(Provided data begins)

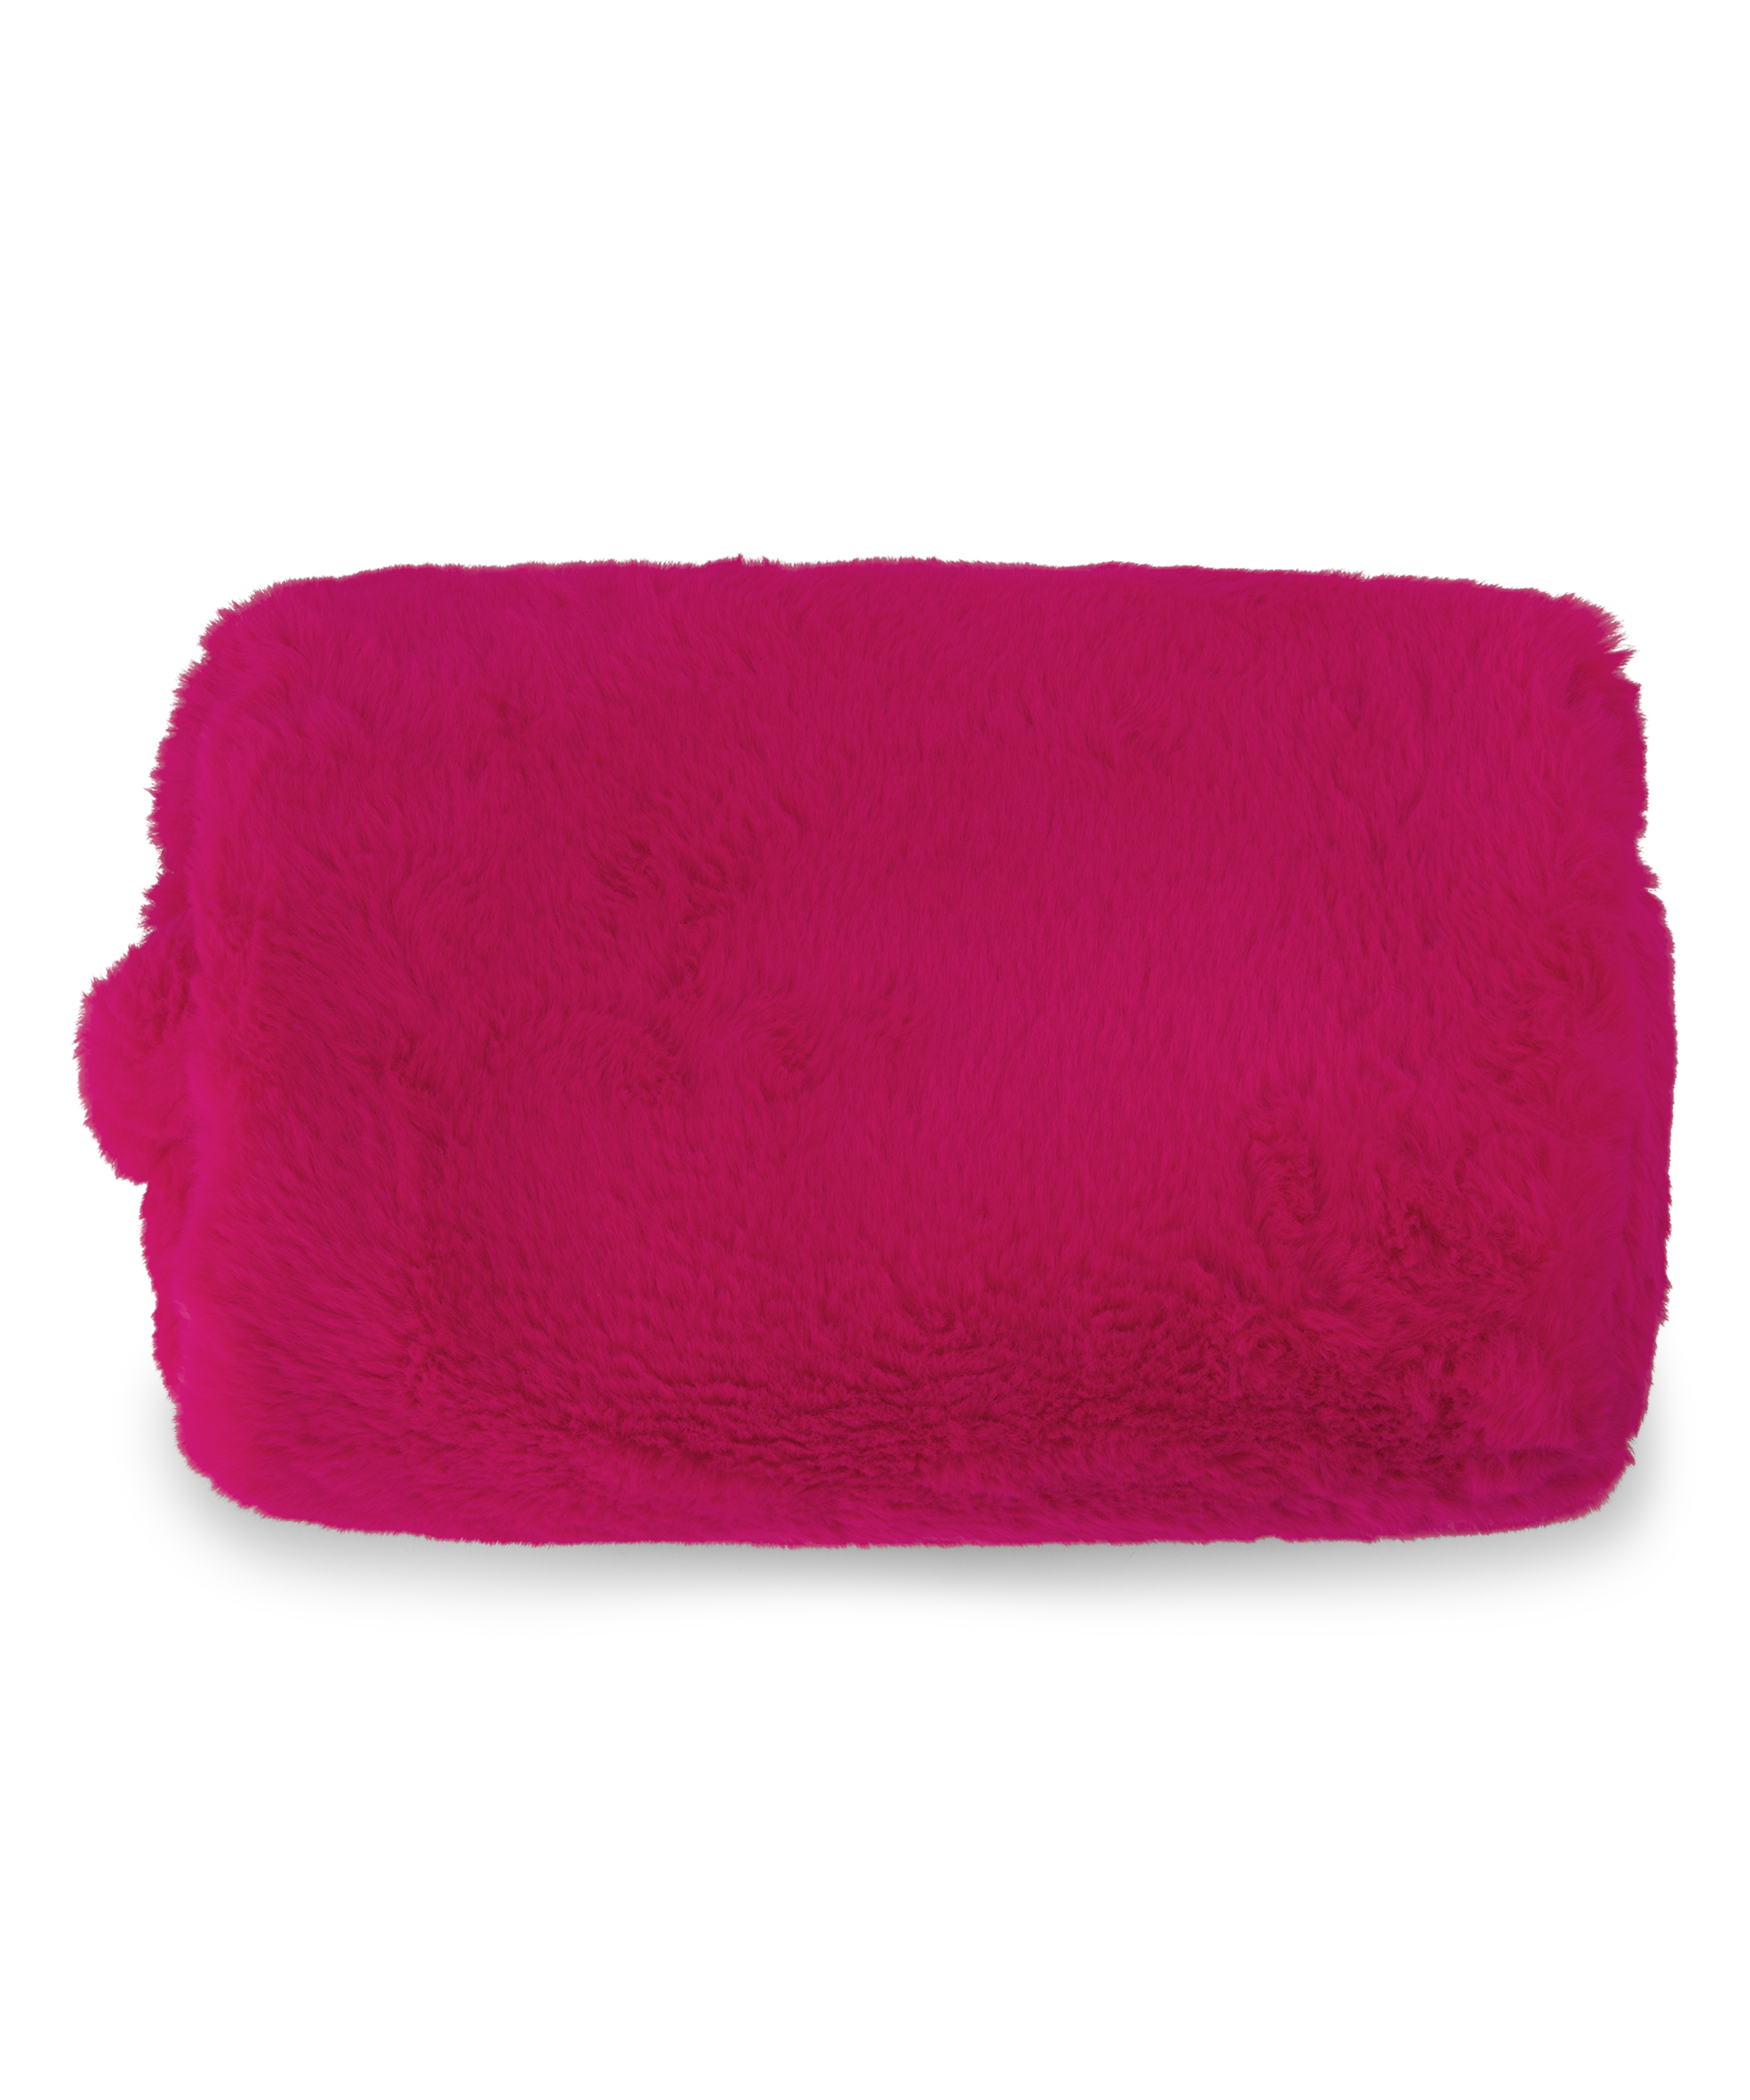 Make-up bag Fake fur, Różowy, main
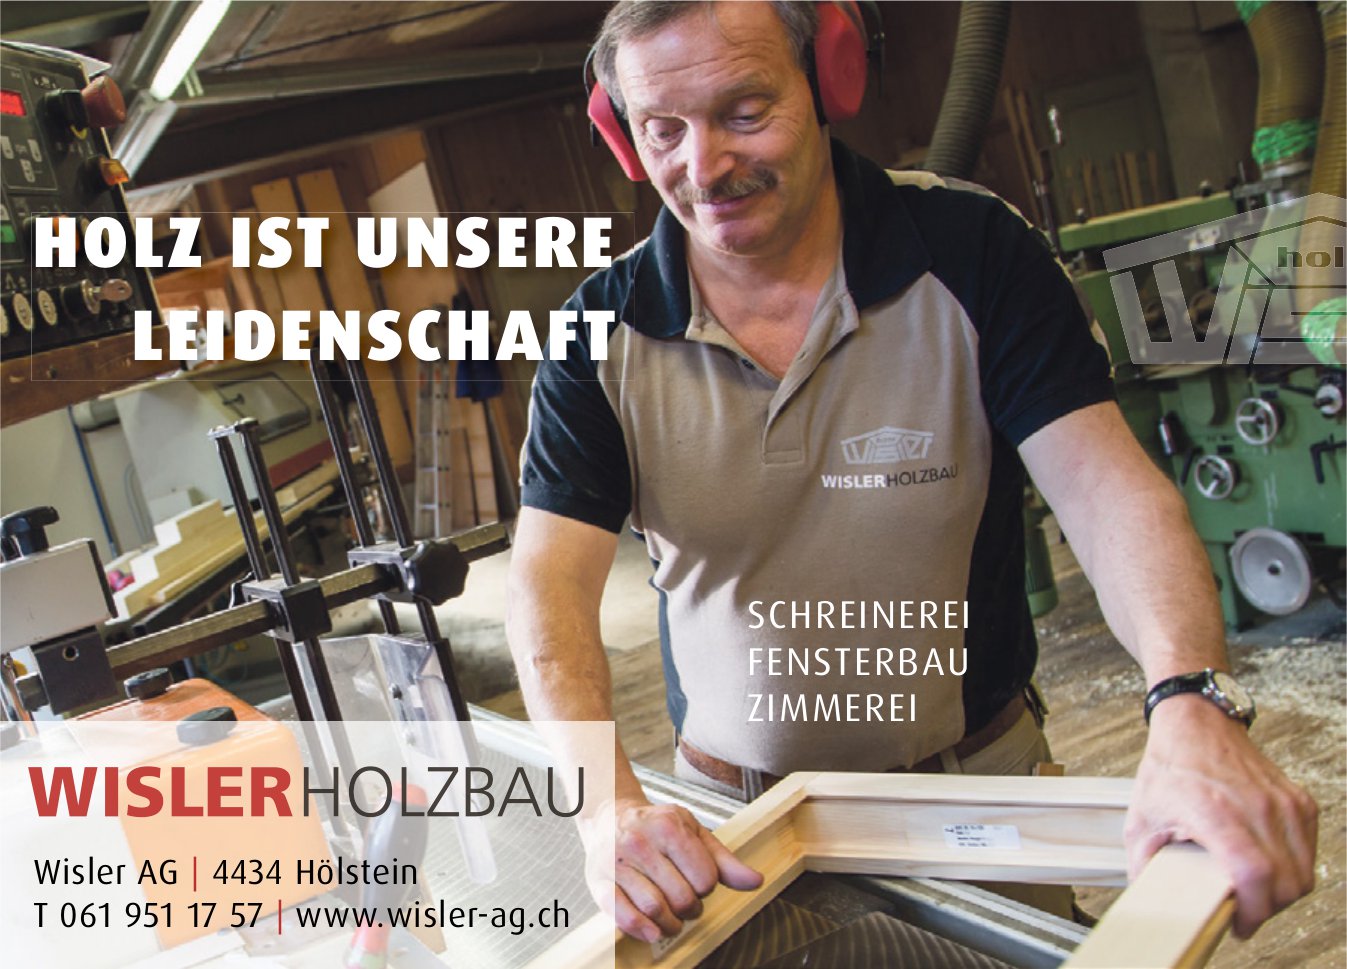 Wisler AG, Hölstein - Holz ist unsere Leidenschaft
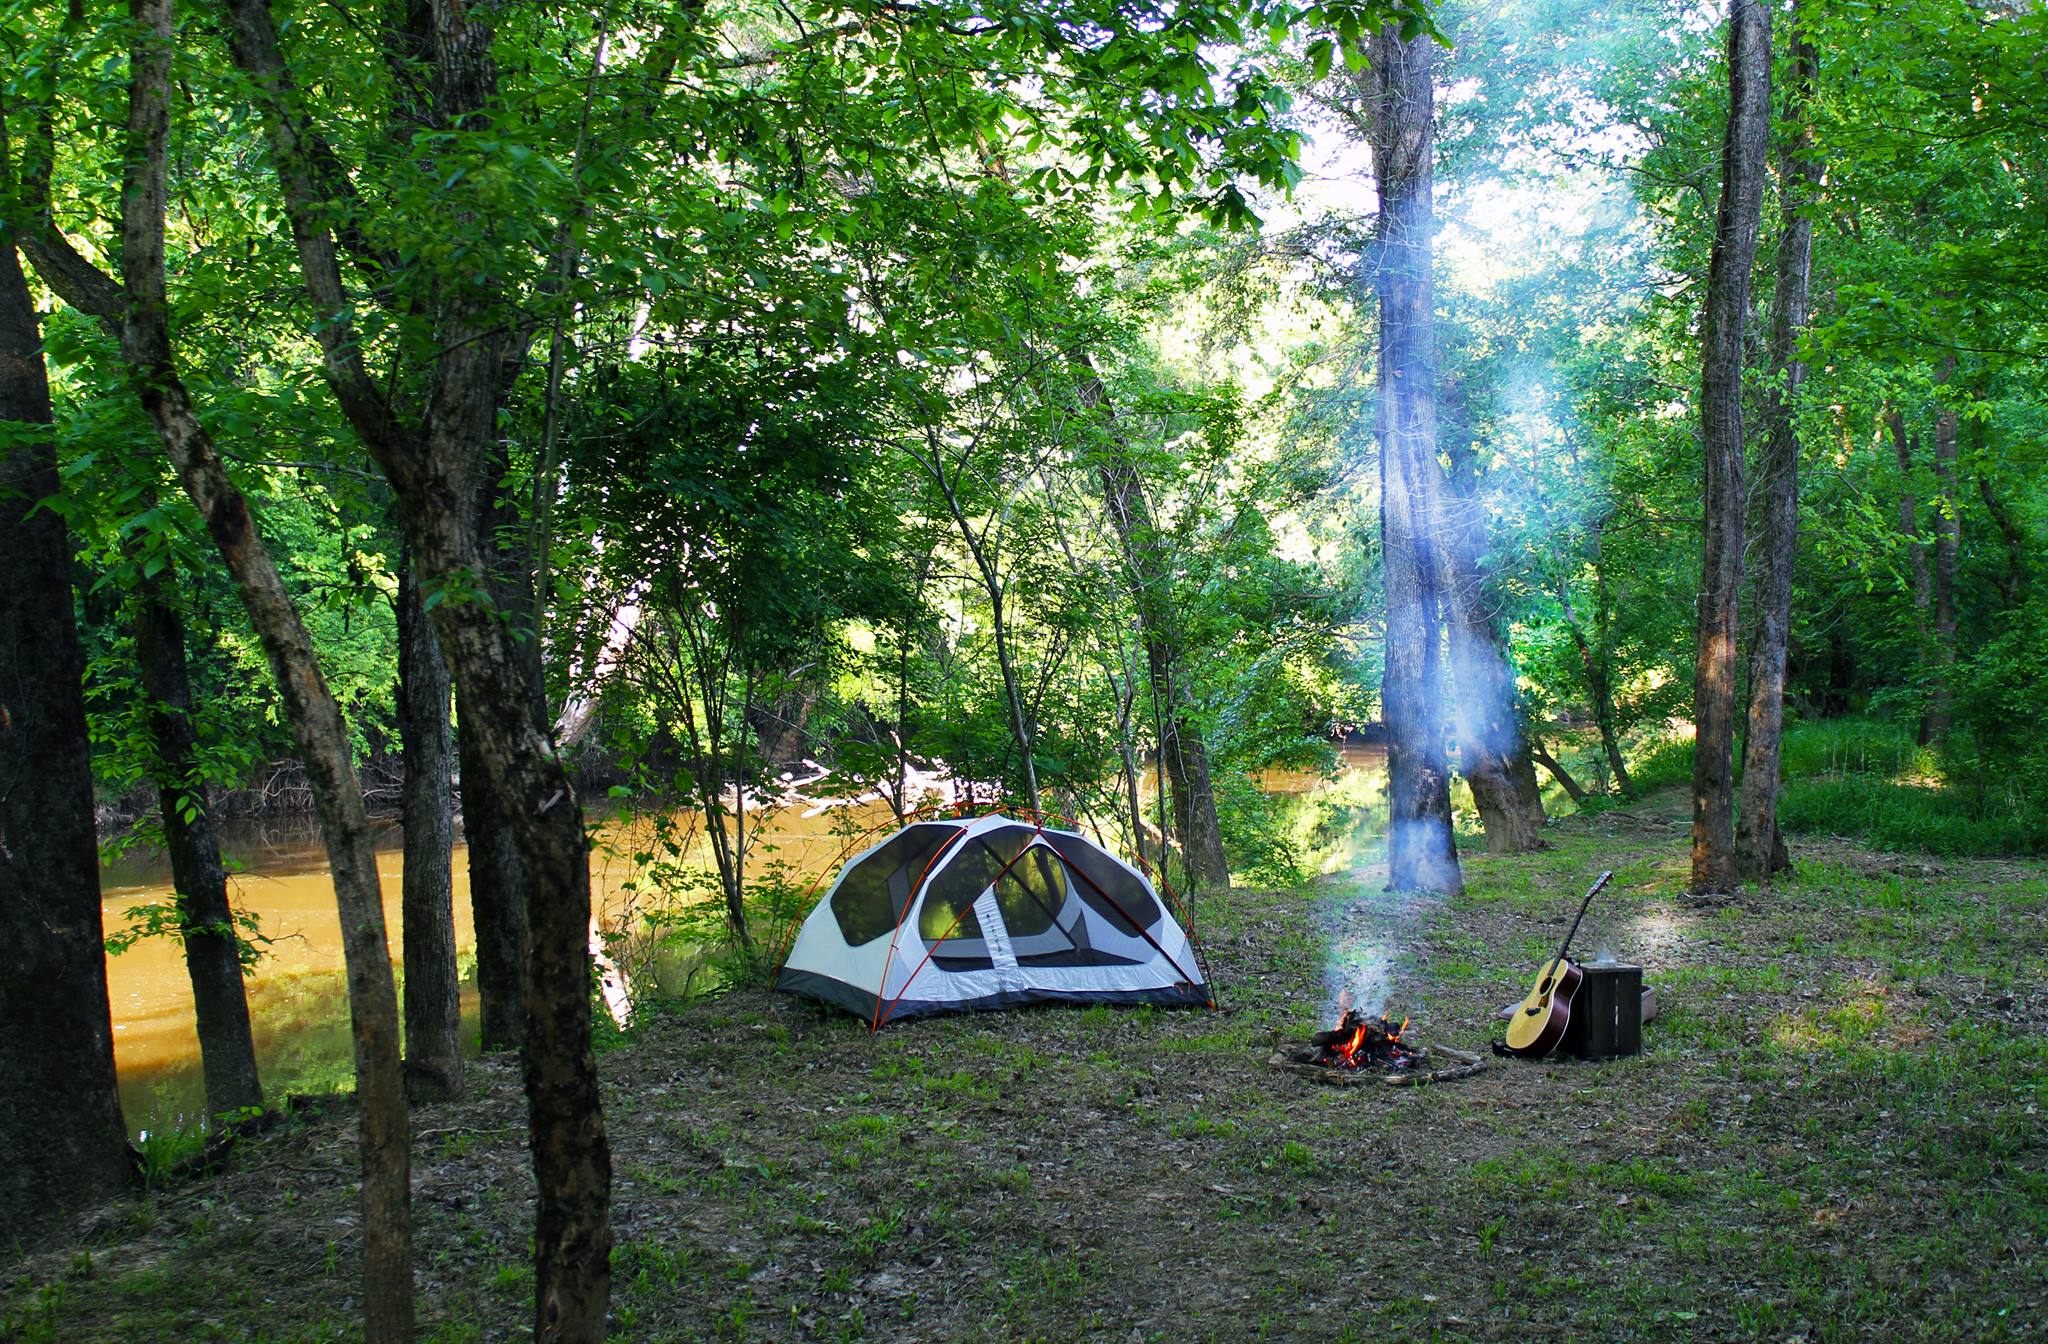 Tar River Tent Camping(1-3 tents)

(Provided data ends)

**Work instructions**
Output the full listing verbatim; pictures stay out.

**Output for this exercise**
 Make-up bag Fake fur, Różowy, main
 Wisler AG, Hölstein - Holz ist unsere Leidenschaft
 Tar River Tent Camping(1-3 tents)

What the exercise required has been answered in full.